Look at his interviews, Bernie Sanders, Tulsi Gabbard, Andrew Yang. I think they're great interviews. You can't fake it with soundbites.


----------



## fstamand (Mar 24, 2015)

What a sh*tshow. Trump proved once again he's an arrogant self centered person. 
Biden was trying to get his points in, but was caught in his game. 
Both losers in my opinion.


----------



## jargey3000 (Jan 25, 2011)

trump...by a TKO, in my humble opionion.
poor joe, he kept listening to trump heckle him outta one ear - instead of just keeping on talking.
and that laugh/ grin got a lityle tiresome.
the moderator debated him better!
I'd like to see trump up against someone who could really think on their feet, & give it back to him as good as he gives it....our own Danny Williams comes to mind lol!


----------



## sags (May 15, 2010)

I think people who watched the debate can form their own opinions on Trump and Biden, but I thought Chris Wallace did a stellar job as moderator.

I am hardly a supporter of the right wing or Fox News, but give Wallace a break. Who could have done a better job in that mess ?

I watch both CNN and Fox and both networks have a prime time lineup of "opinion" talking heads. None of them are unbiased journalists on either network.

But......CNN has good journalists in Dana Bash, John King, Kaitlyn Collins and others. Fox has good journalists in Chris Wallace, Bret Baier and others.

Watch them.........not the prime time talking heads like Cooper, Cuomo and Lemon on CNN and Carlson, Hannity and Ingraham on Fox.

As a retiree I can watch both networks during daytime hours, and they are quite different than their "look" during prime time hours.

So I will disagree with those on the left and right who say Chris Wallace lost control, was biased or did a poor job.

Good Lord........look at what he had to deal with for 90 minutes straight. It was a Jerry Springer show without the bouncers.

As far as I am concerned........Chris Wallace was the "winner" last night.


----------



## Prairie Guy (Oct 30, 2018)

sags said:


> I am hardly a supporter of the right wing or Fox News, but give Wallace a break. Who could have done a better job ?


A lot of people could have done better.
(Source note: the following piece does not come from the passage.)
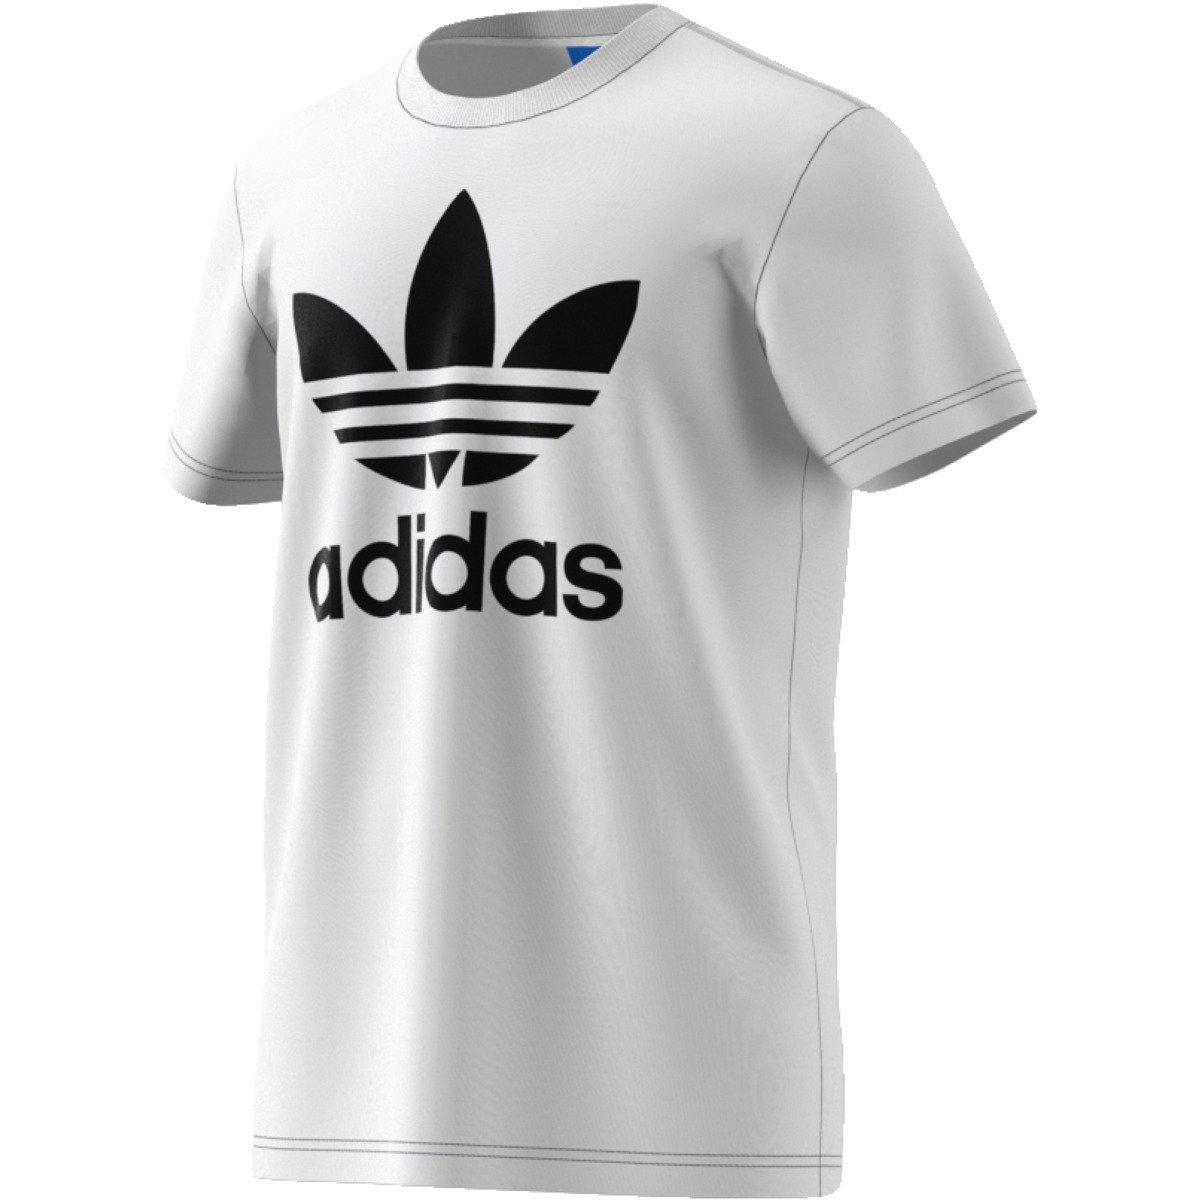 Adidas originals trefoil t shirt aj8828 basketball for Adidas trefoil t shirt

Wallace asked Trump to disavow white violence but never asked Biden to disavow left violence.

Wallace let Biden refuse to answer if he'd pack the Supreme court.
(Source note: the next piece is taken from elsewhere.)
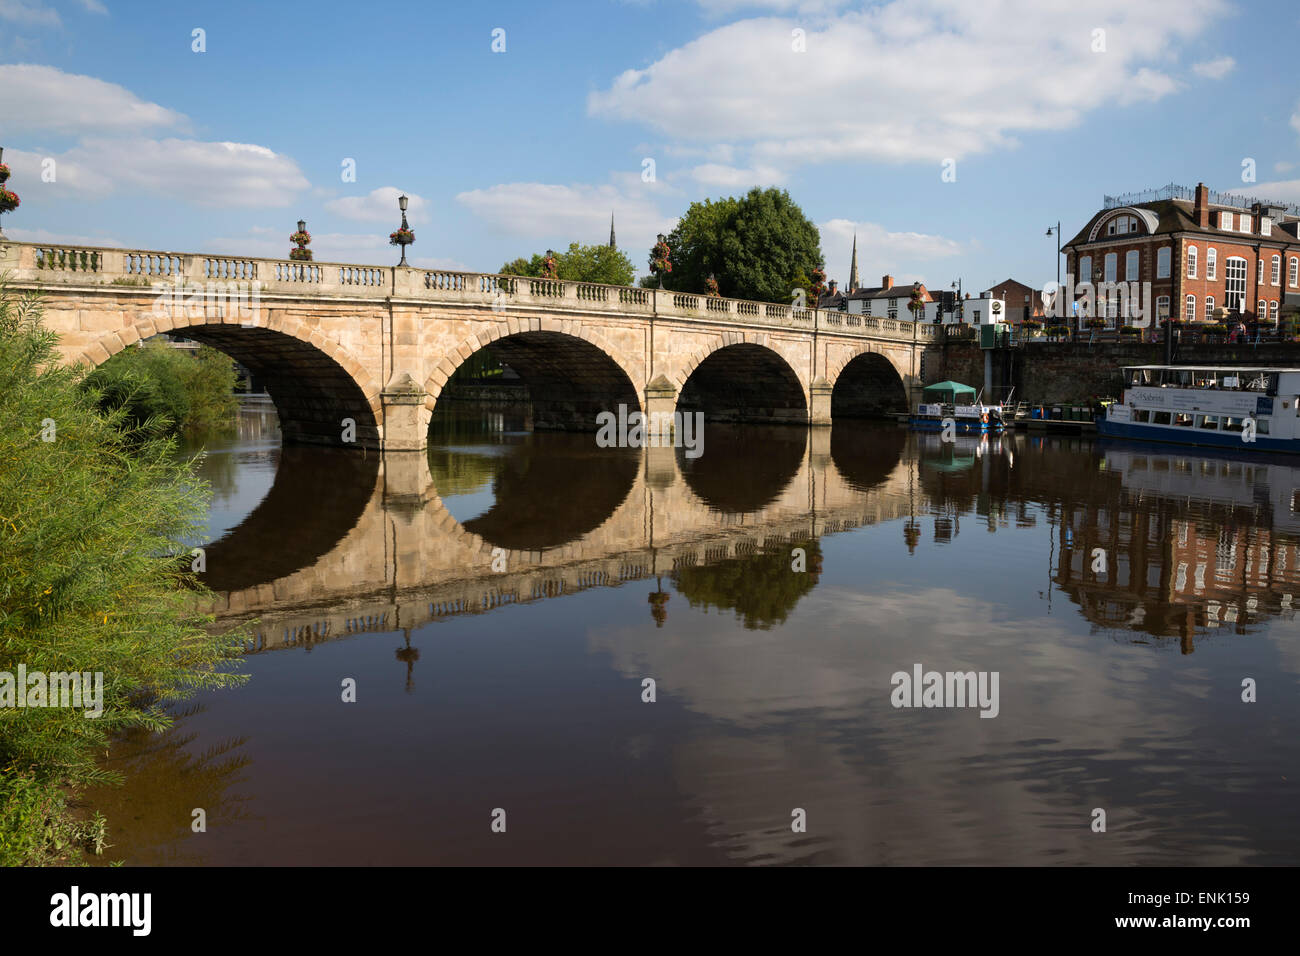 The Welsh Bridge over River Severn, Shrewsbury, Shropshire, England, United Kingdom, Europe - Stock Image

Wallace let Biden lie when he said Hunter wasn't kicked out of the army.

Wallace asked Trump about his taxes but didn't ask Biden about his son getting $3.5 million from Russia.

Etc....


----------



## sags (May 15, 2010)

Wallace asked the questions and Biden started to answer, but Trump kept interrupting and ranting and Wallace was not able to follow up the questions.
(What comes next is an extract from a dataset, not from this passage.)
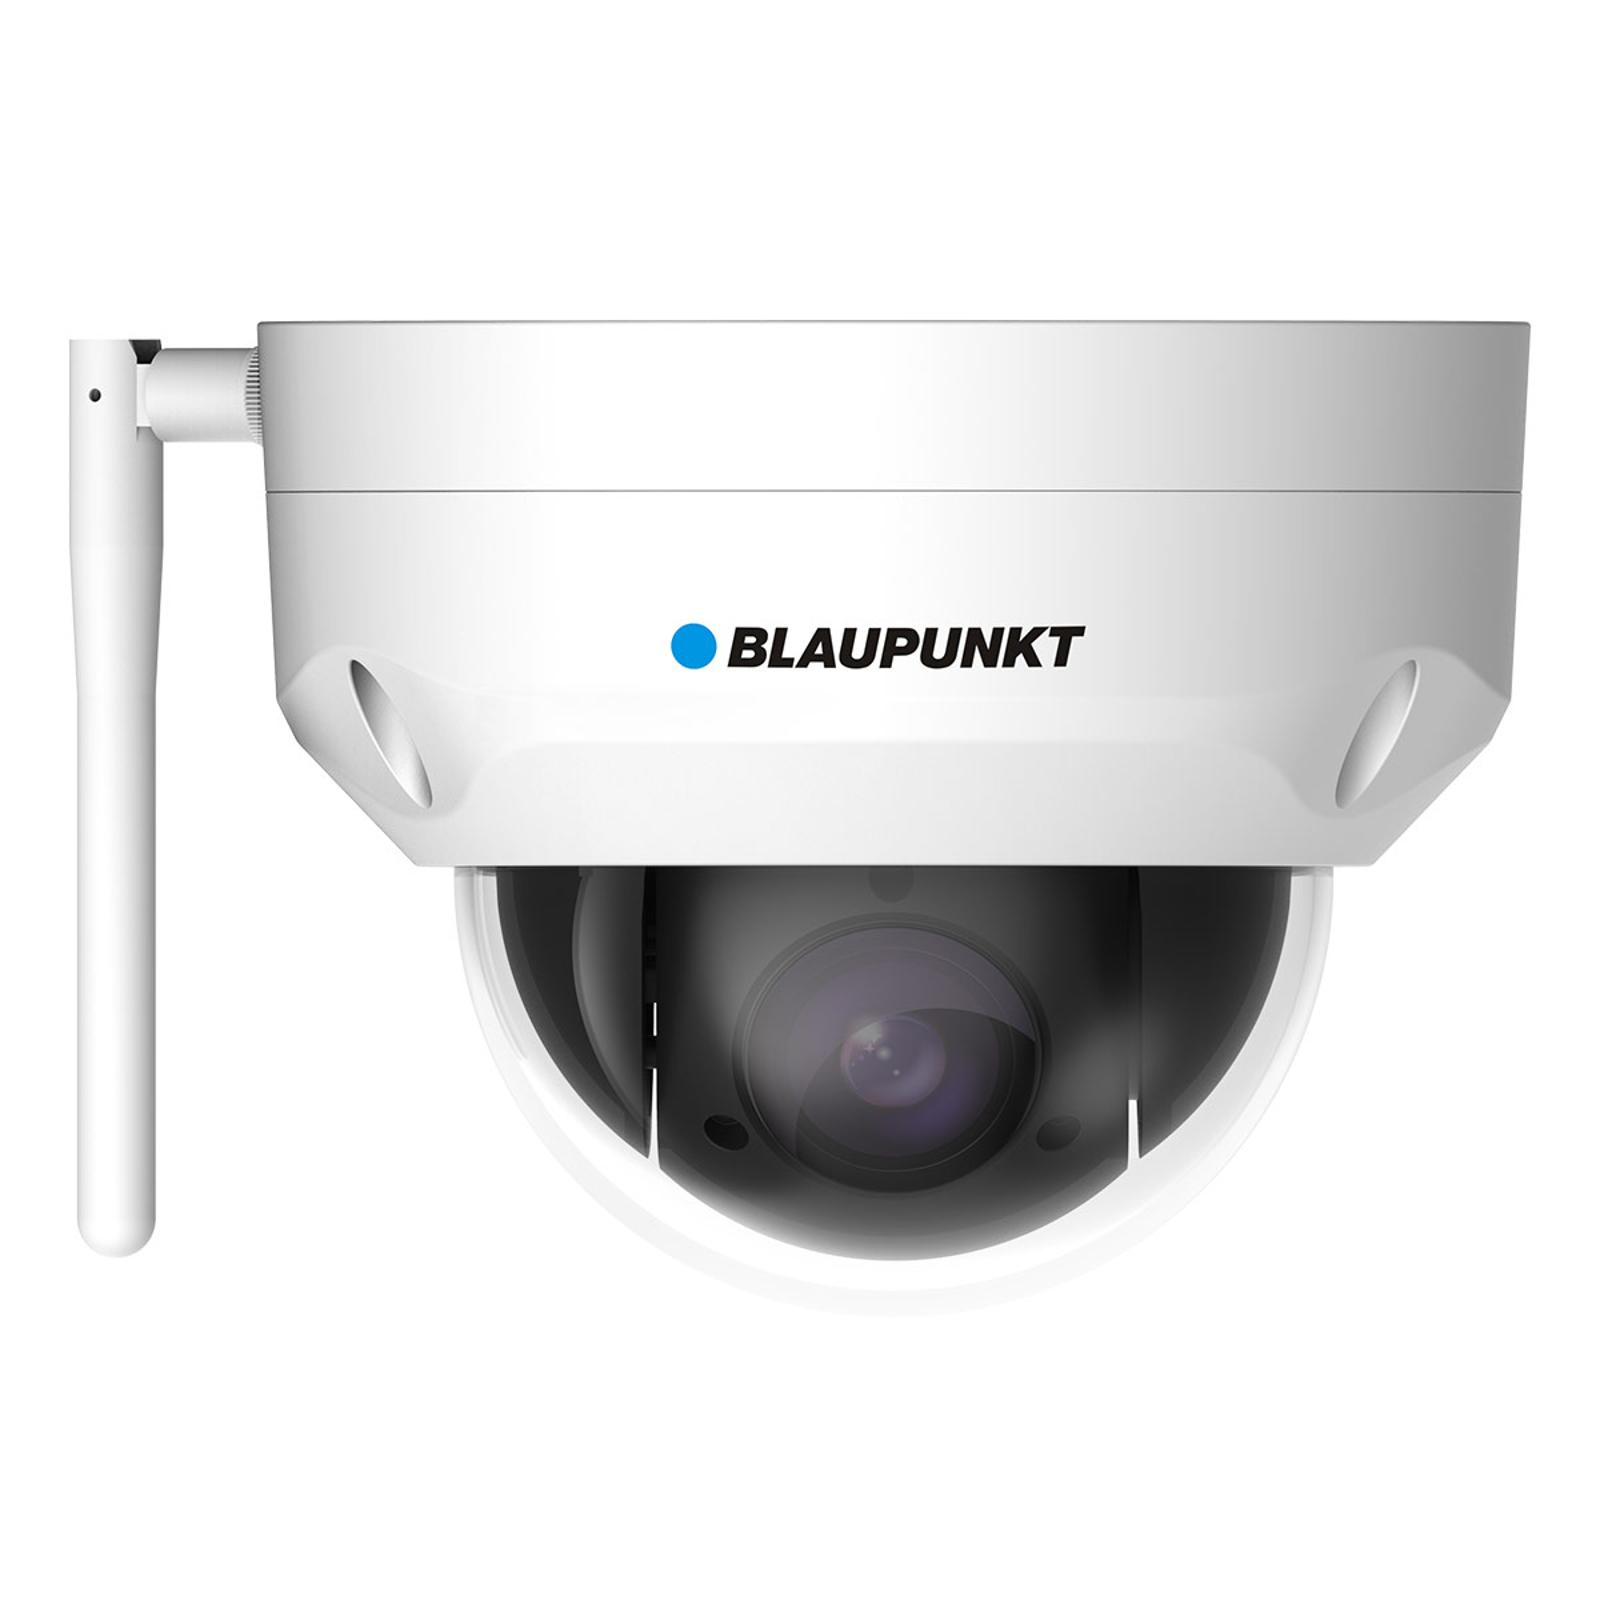 Blaupunkt VIO-DP20 Überwachungskamera 360° FullHD

If Trump had shut up and let Wallace do his job and dig deeper into Biden's answers......the result could have been different.

I don't think respectable journalists are going to spend the entire debate chasing down conspiracy theories though.


----------



## calm (May 26, 2020)

Good thing that the moderator was from FOX news, otherwise the complete showdown would of been blamed as a left wing conspiracy.


----------



## Prairie Guy (Oct 30, 2018)

Incorrect. Wallace made no effort to call Biden out on his lies. He just moved on to a different question. Wallace even repeated the "fine people" lie with a straight face.


----------



## sags (May 15, 2010)

Hunter Biden was in the Naval Reserves and failed a drug test. He was removed from the Reserves, just as all sailors who fail drug tests are.

It was reported by the main stream media in 2014 and Hunter Biden made a public apology for his behavior.

It is a non-issue today and has nothing to do with Joe Biden running for President.

It is typical of the type of mud slinging nonsense that Trump engages in.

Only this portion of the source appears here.